■ Record excerpts:
┏━━
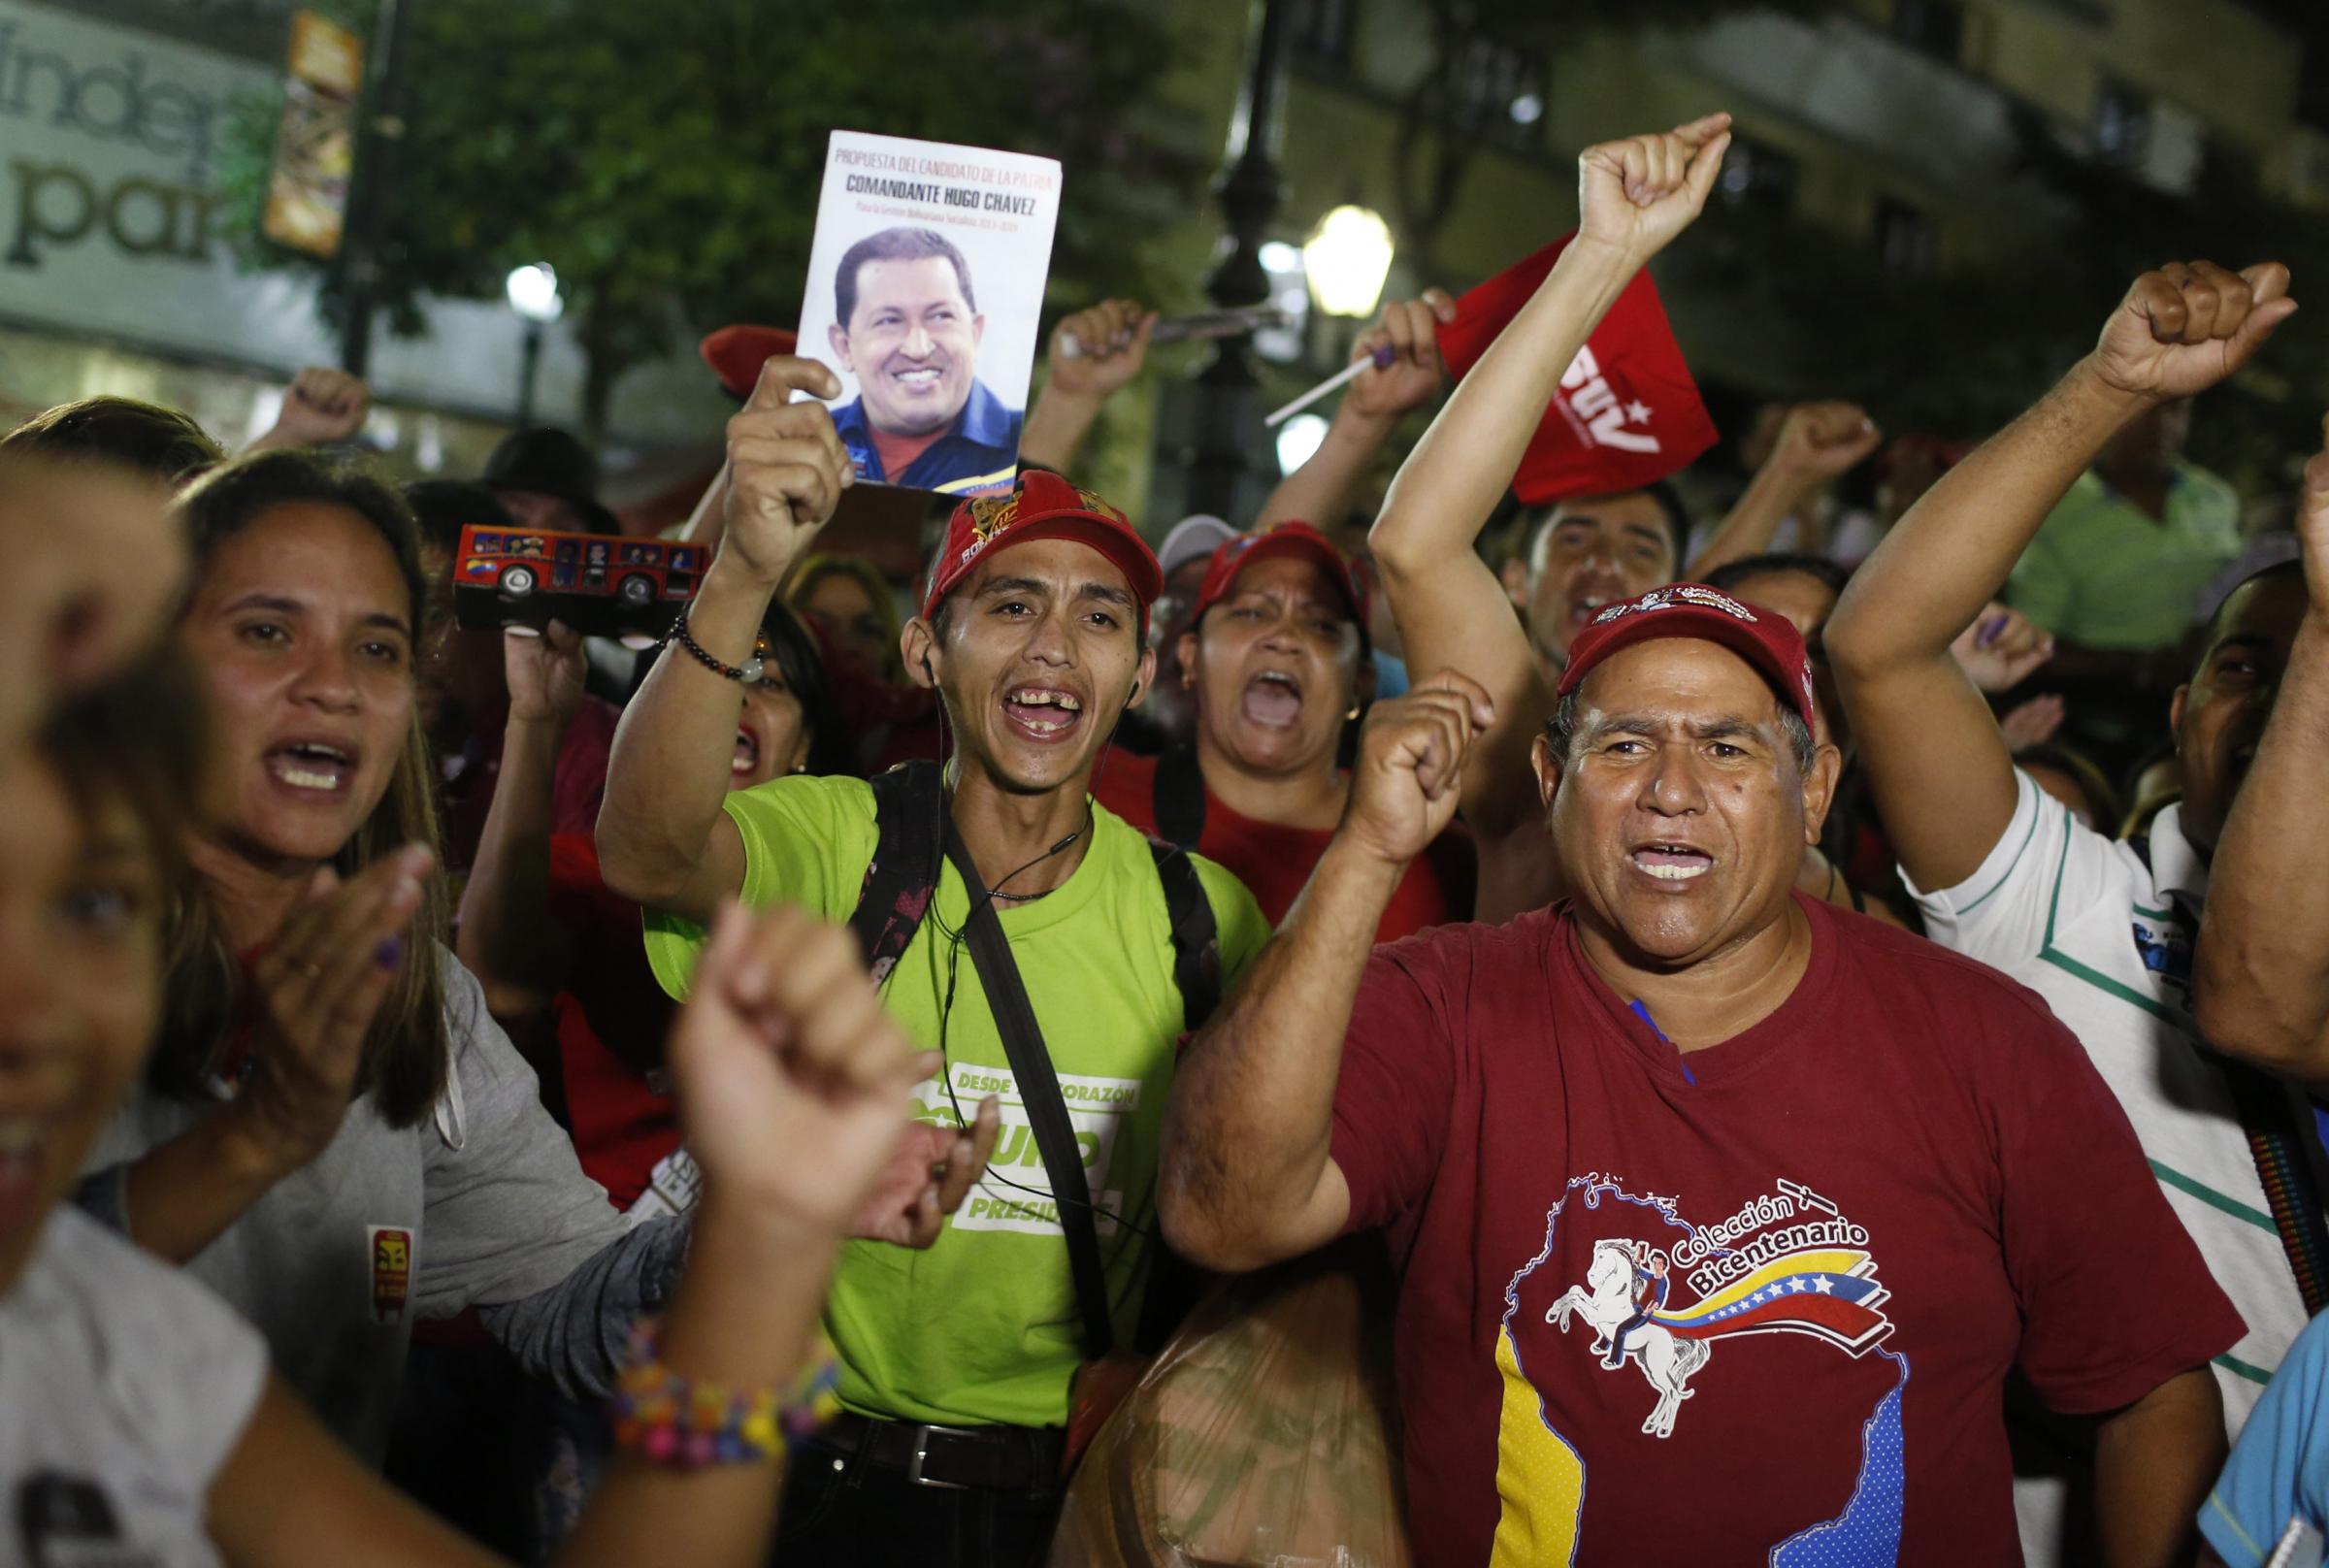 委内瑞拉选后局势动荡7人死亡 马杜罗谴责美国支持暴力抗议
┗━━
┏━━
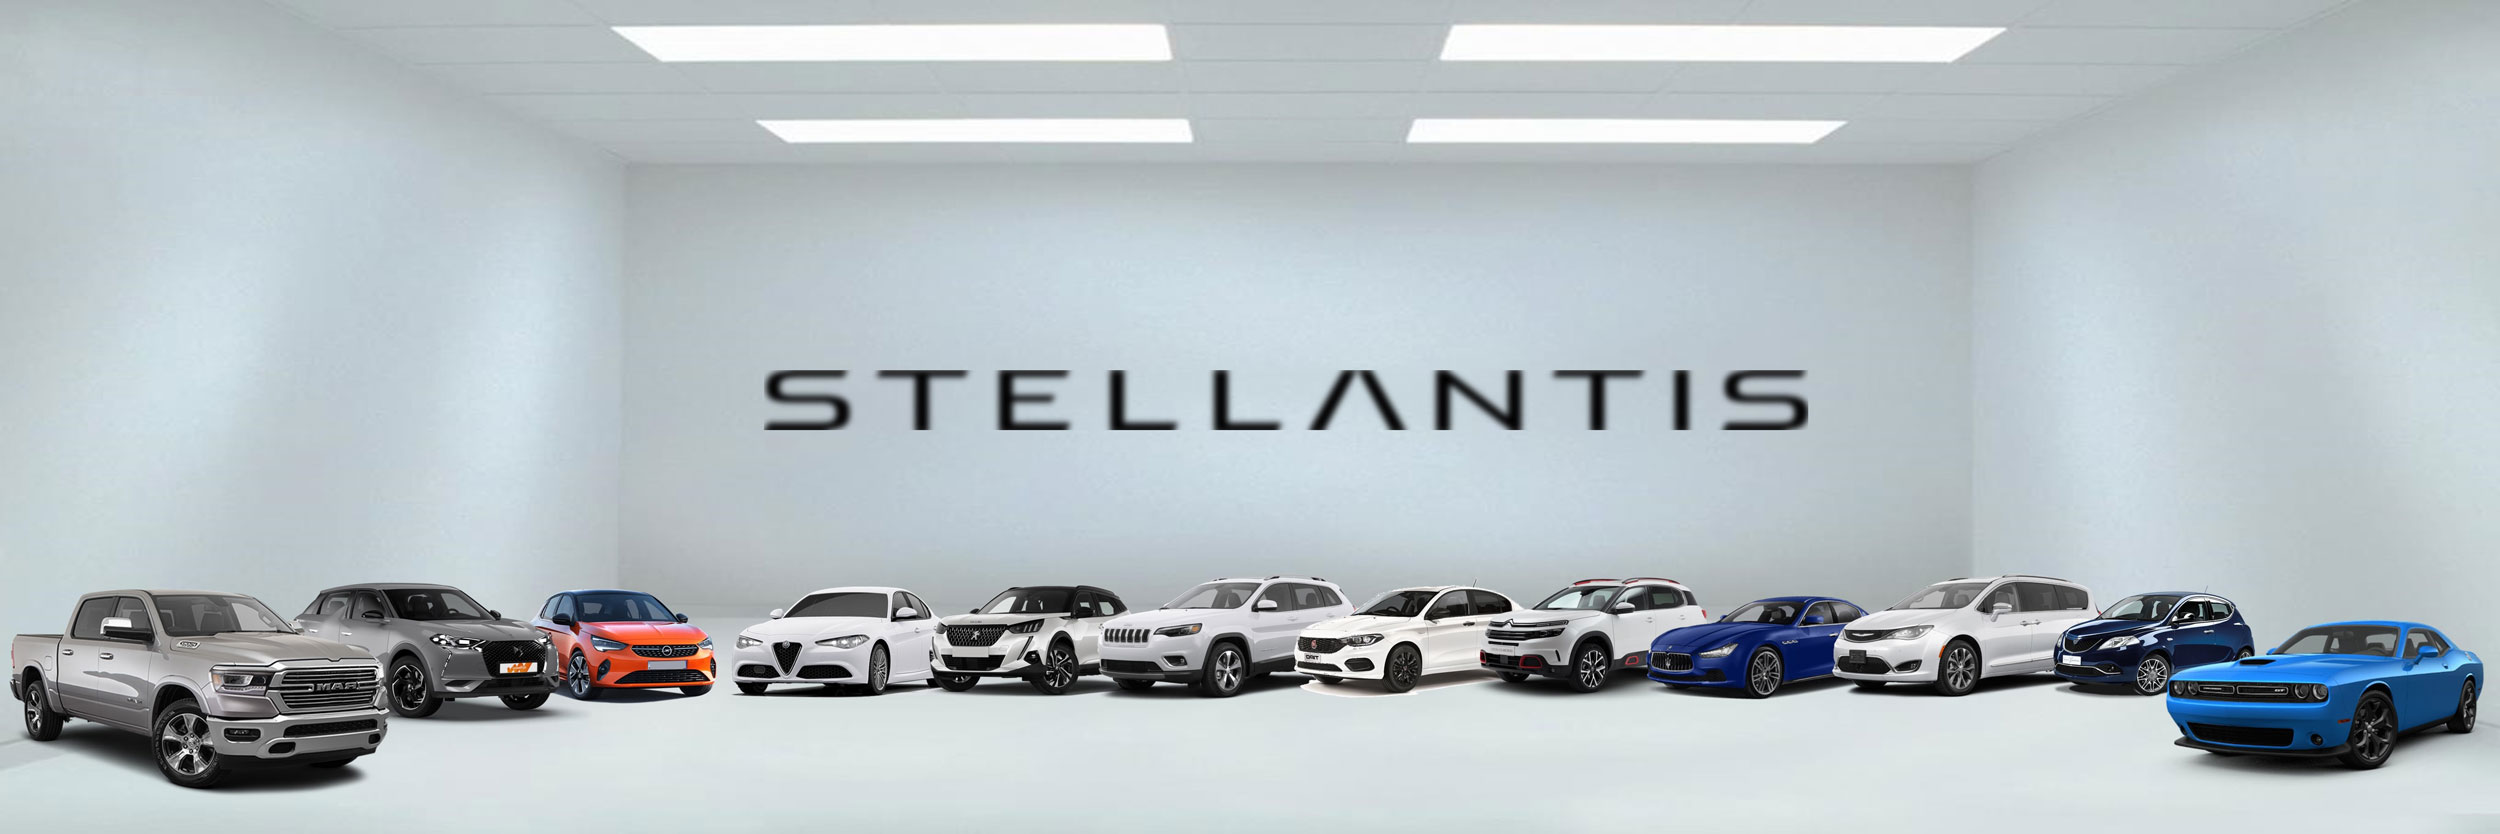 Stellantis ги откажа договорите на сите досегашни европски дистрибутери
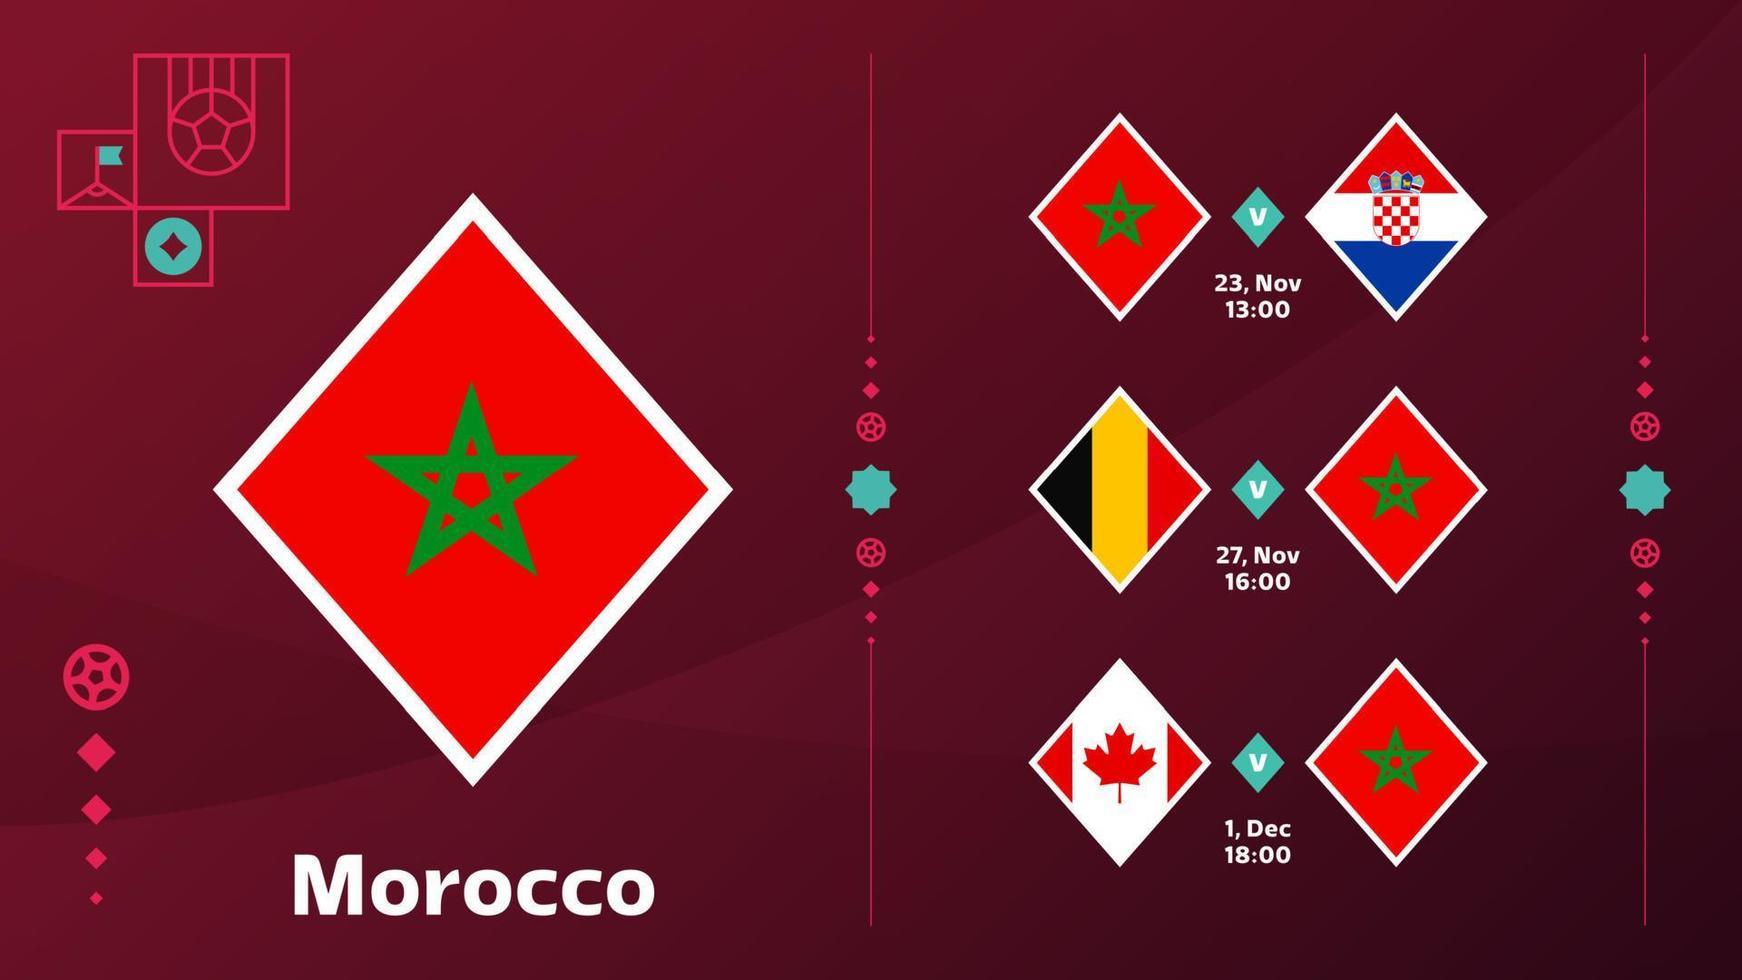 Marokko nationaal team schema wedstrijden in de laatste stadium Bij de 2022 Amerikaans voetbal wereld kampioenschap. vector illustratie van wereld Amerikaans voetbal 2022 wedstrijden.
┗━━
■ Task objective: Precisely those lines above that run from the line with "Stellantis ги откажа" up to and including the line with "Marokko nationaal team" are to be set down, with the pictures omitted.

■ Solution for this exercise:
 Stellantis ги откажа договорите на сите досегашни европски дистрибутери
 Marokko nationaal team schema wedstrijden in de laatste stadium Bij de 2022 Amerikaans voetbal wereld kampioenschap. vector illustratie van wereld Amerikaans voetbal 2022 wedstrijden.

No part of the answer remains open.